Silverstream railway station is a suburban railway station serving Silverstream in Upper Hutt, New Zealand. The station is located on the Hutt Valley section of the Wairarapa Line,  north of Wellington. The station is served by Metlink's electric multiple unit trains of the "Matangi" FP class. Trains stopping at Silverstream run to Wellington and Upper Hutt.

The station has an island platform between two tracks, linked to Field Street in the south by a footpath, and to Fergusson Drive in the north-west and Whitemans Road to the north-east via pedestrian level crossings.

Services

Rail
TransDev operates Hutt Valley Line electric suburban services between Wellington and Upper Hutt via Silverstream. The basic daytime off-peak timetable is:
3 tph to Wellington, stopping all stations (2 tph on weekends)
3 tph to Upper Hutt, stopping all stations (2 tph on weekends)

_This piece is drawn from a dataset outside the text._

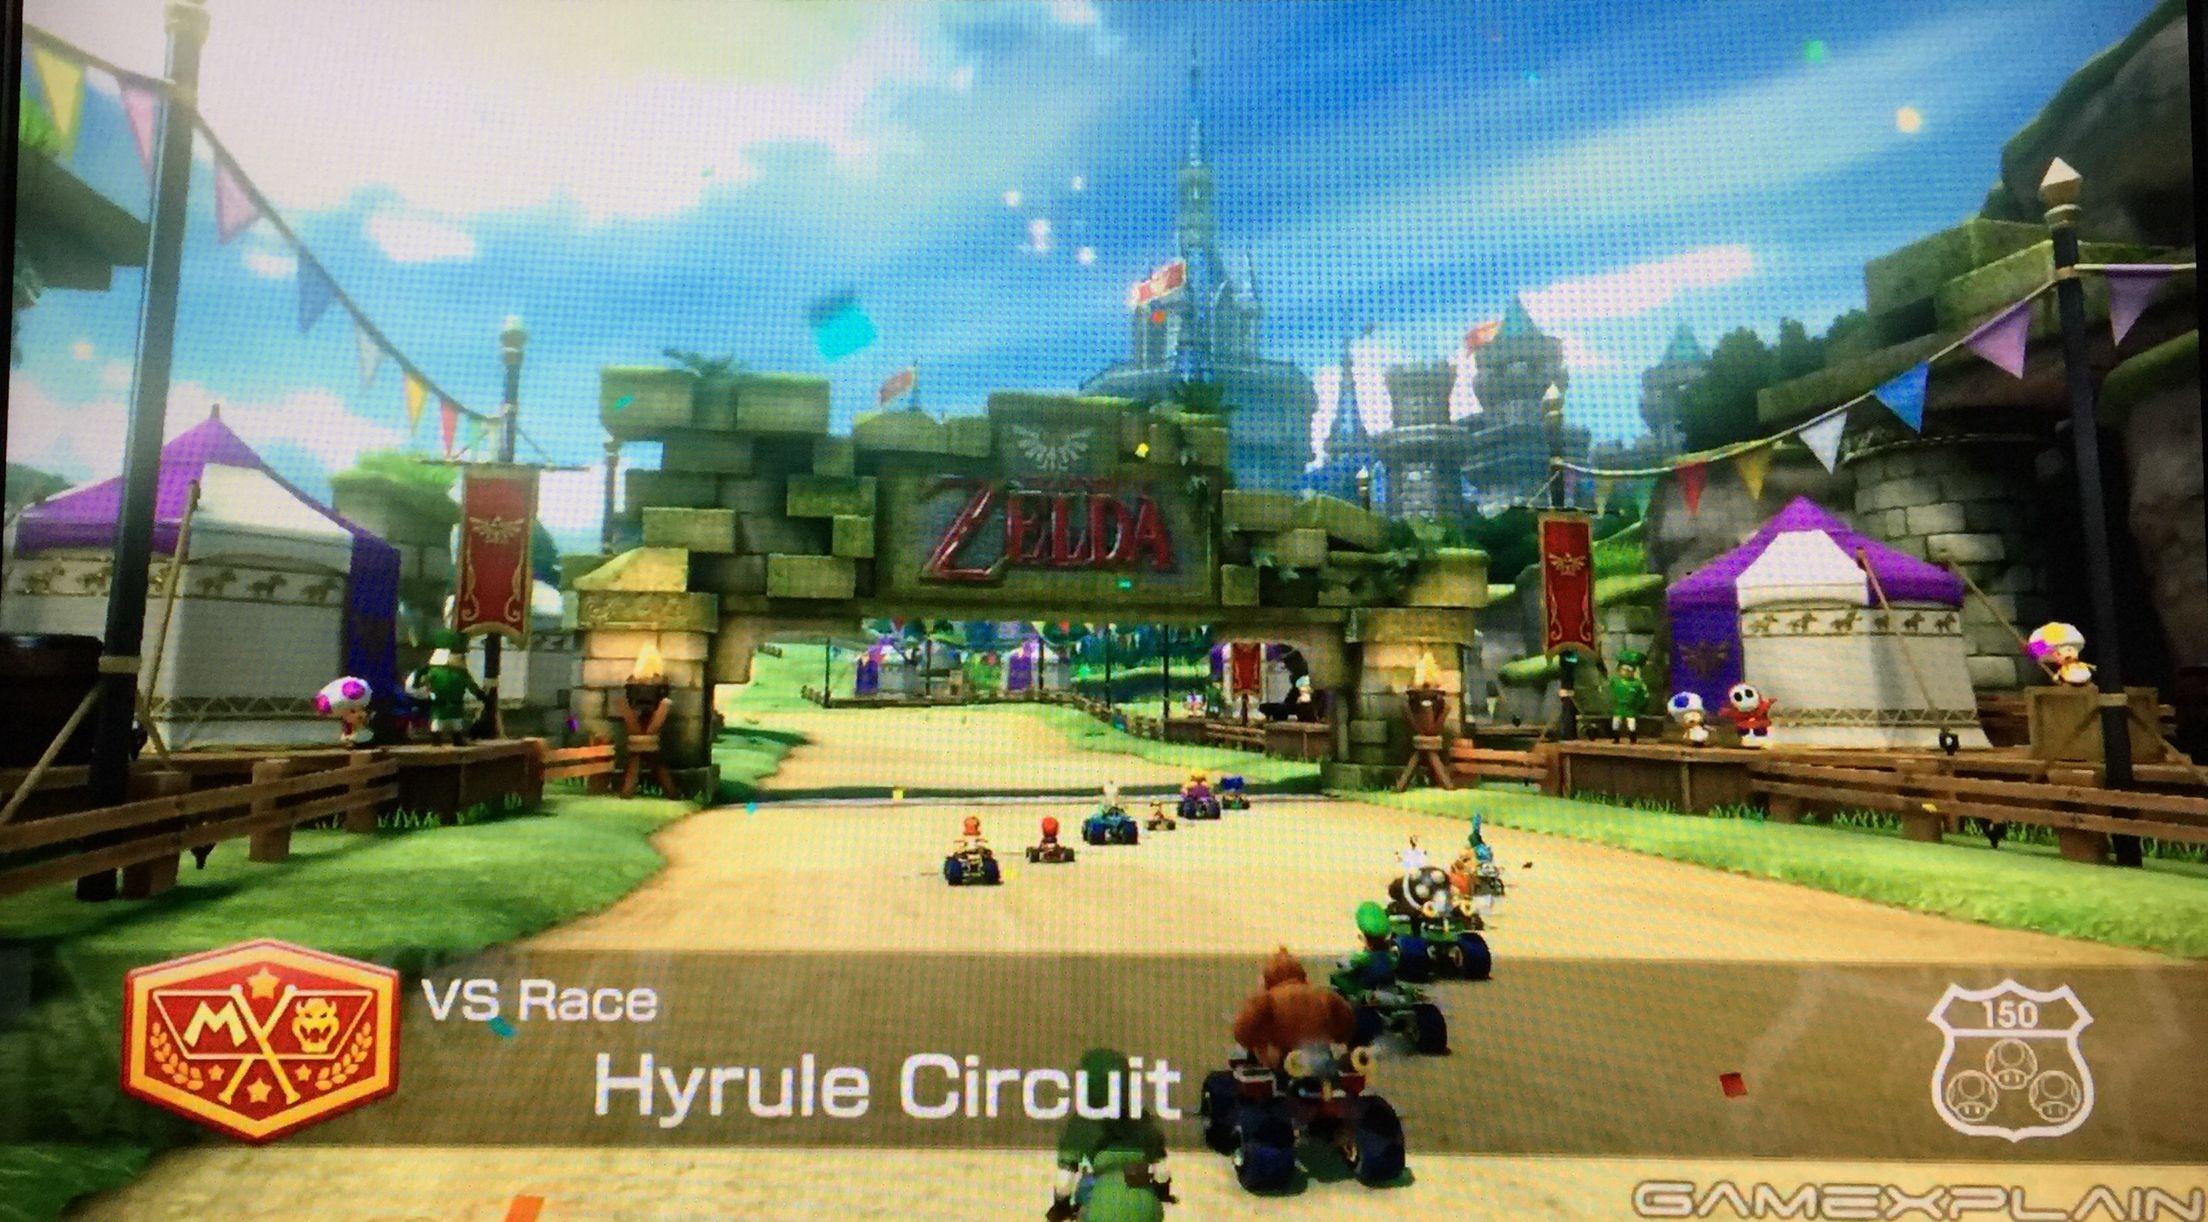 Mario Kart 8 DLC Pack 1 Triforce Cup Hyrule Circuit
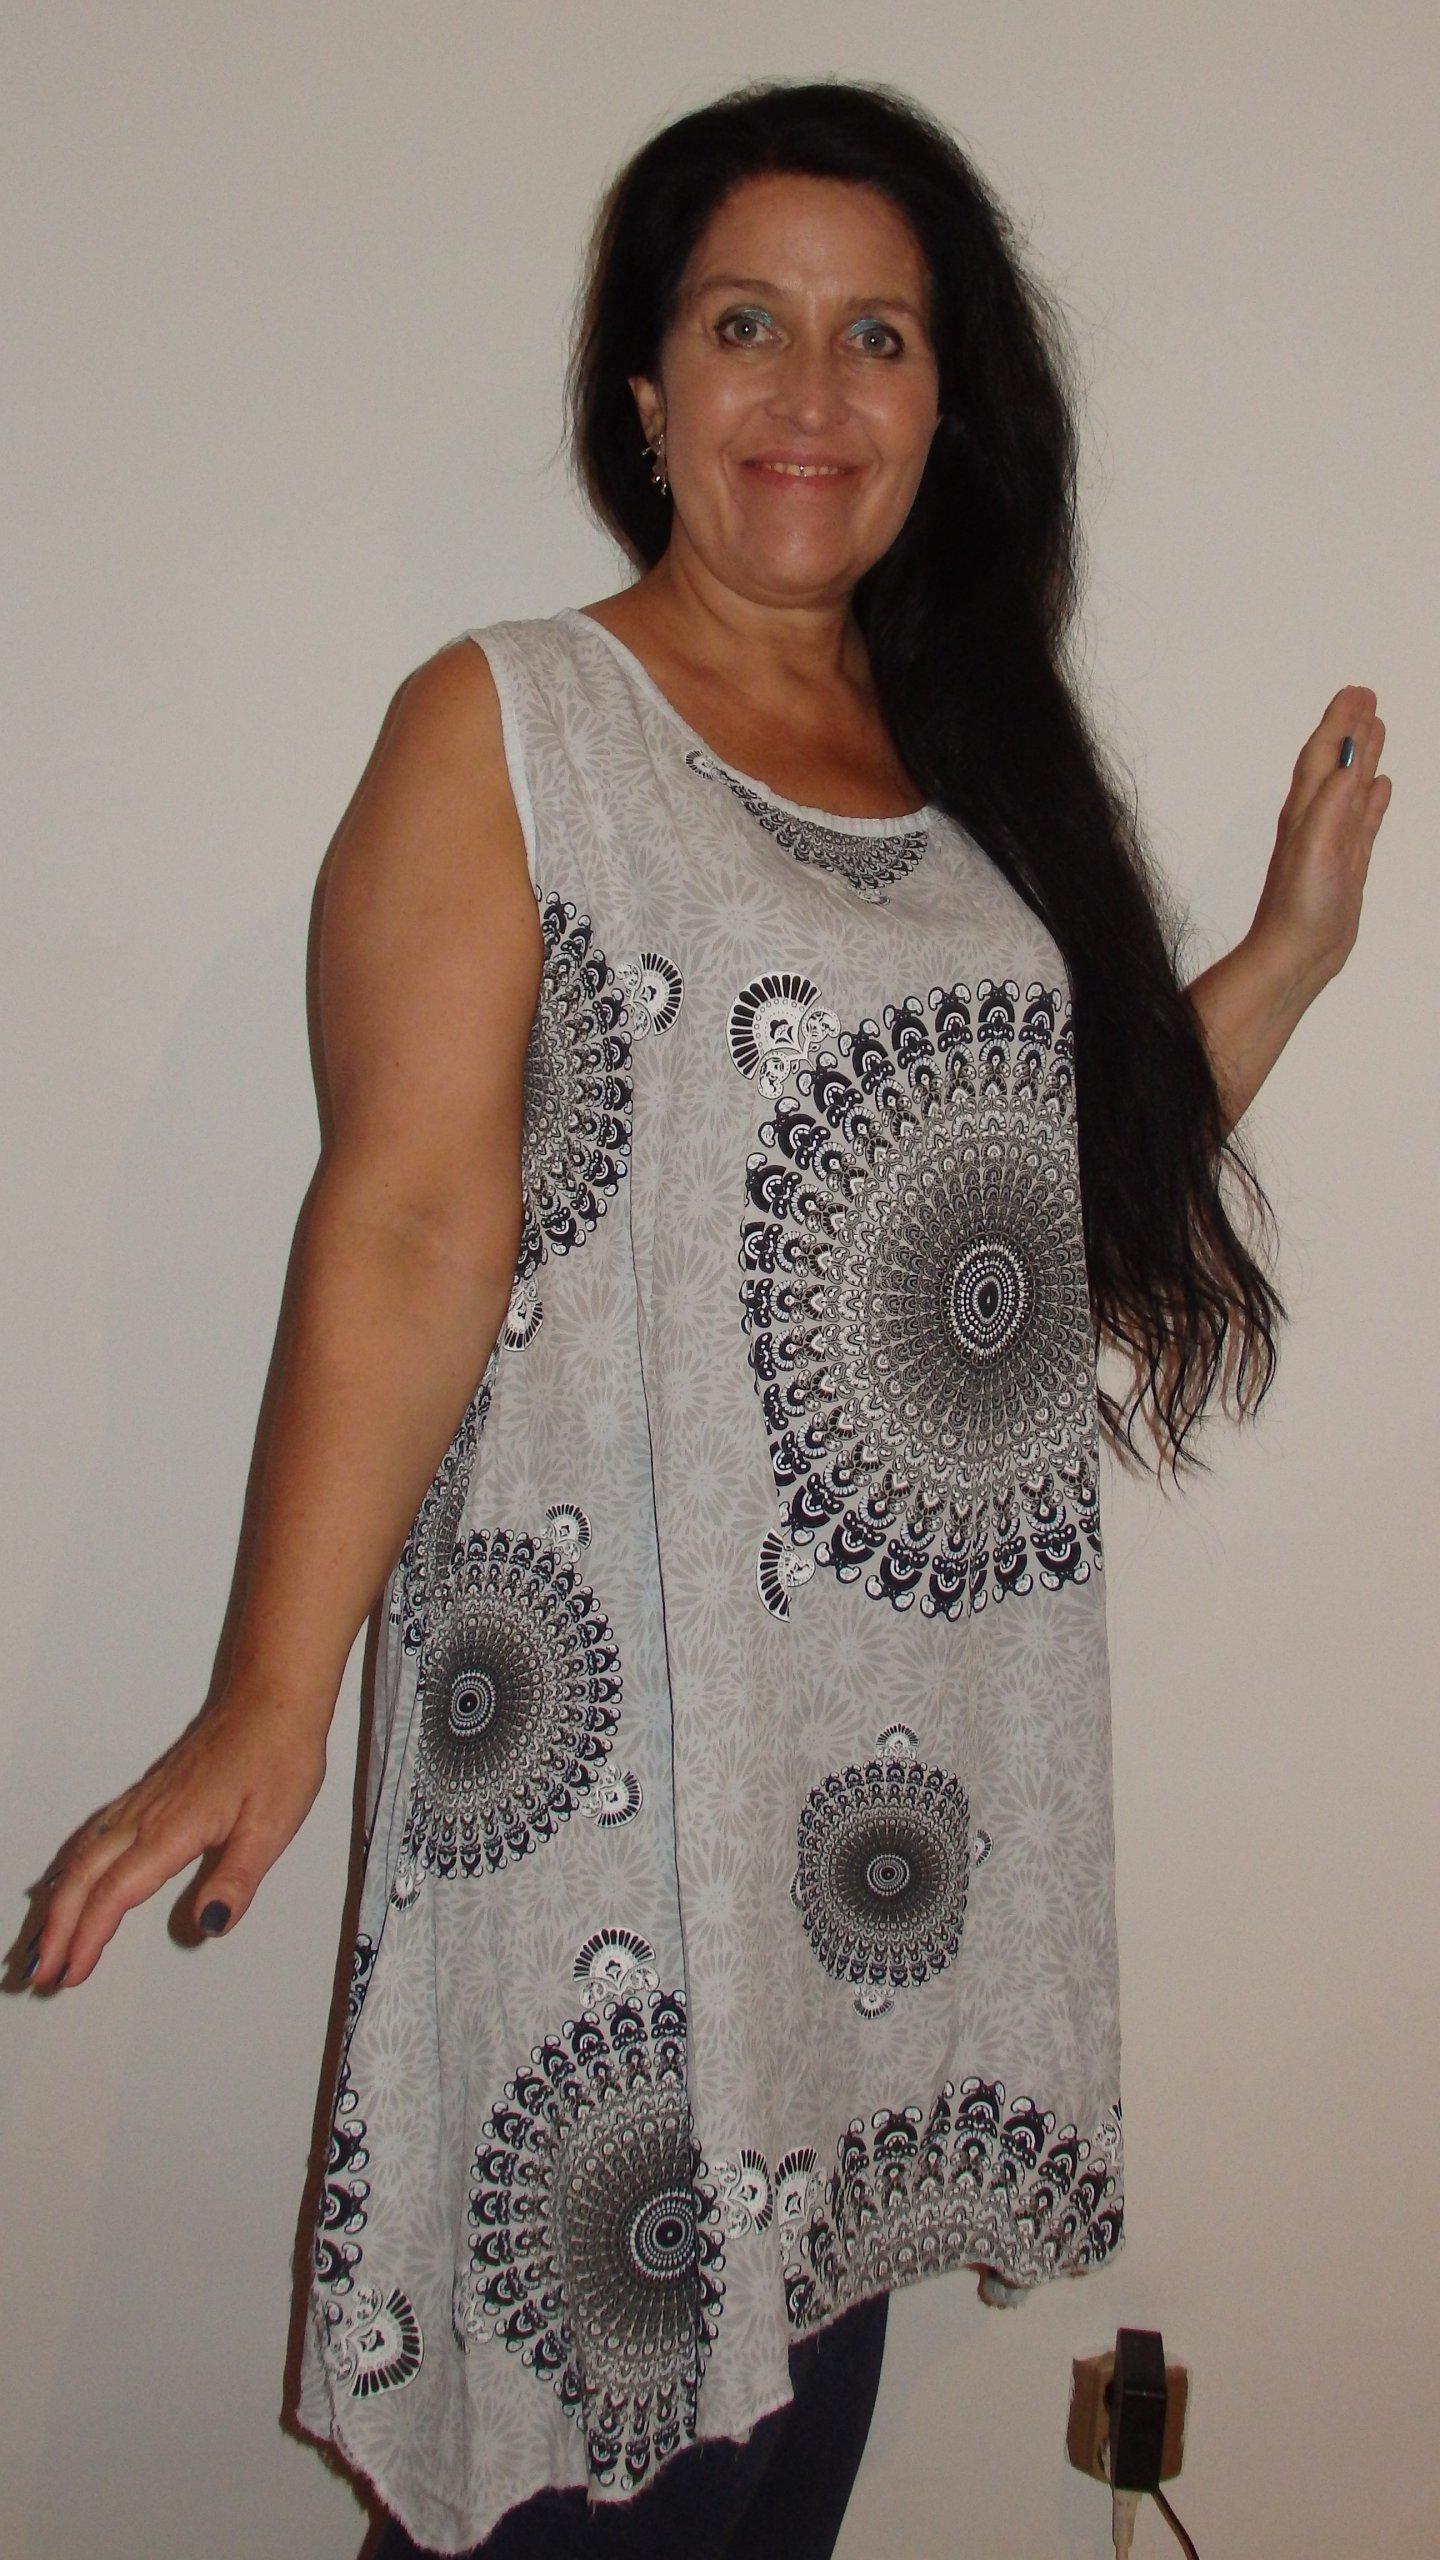 b554474f68 Cudna Sukienka Orientalna z Ażurem 42 44 46 48 50 - 7413834518 ...

The basic morning peak timetable is:
3 tph to Wellington, stopping all stations to Taita then Waterloo only
2 tph to Upper Hutt, stopping all stations

Bus
The following Metlink bus services serve the station:

History 
The present Silverstream railway station replaced the earlier station from 21 November 1954 when the section of line alongside the hill south of Silverstream, which passed over the wooden truss bridge just below Silverstream Hospital, was closed. The deviation of the line is some distance to the west of the original line and crosses the Hutt River on a steel bridge with concrete piers - the replacement station is several hundred yards to the north of the old station.

An adjacent level crossing had automatically locking gates installed to stop pedestrians using the crossing until a second train clears the crossing (after a 2003 accident).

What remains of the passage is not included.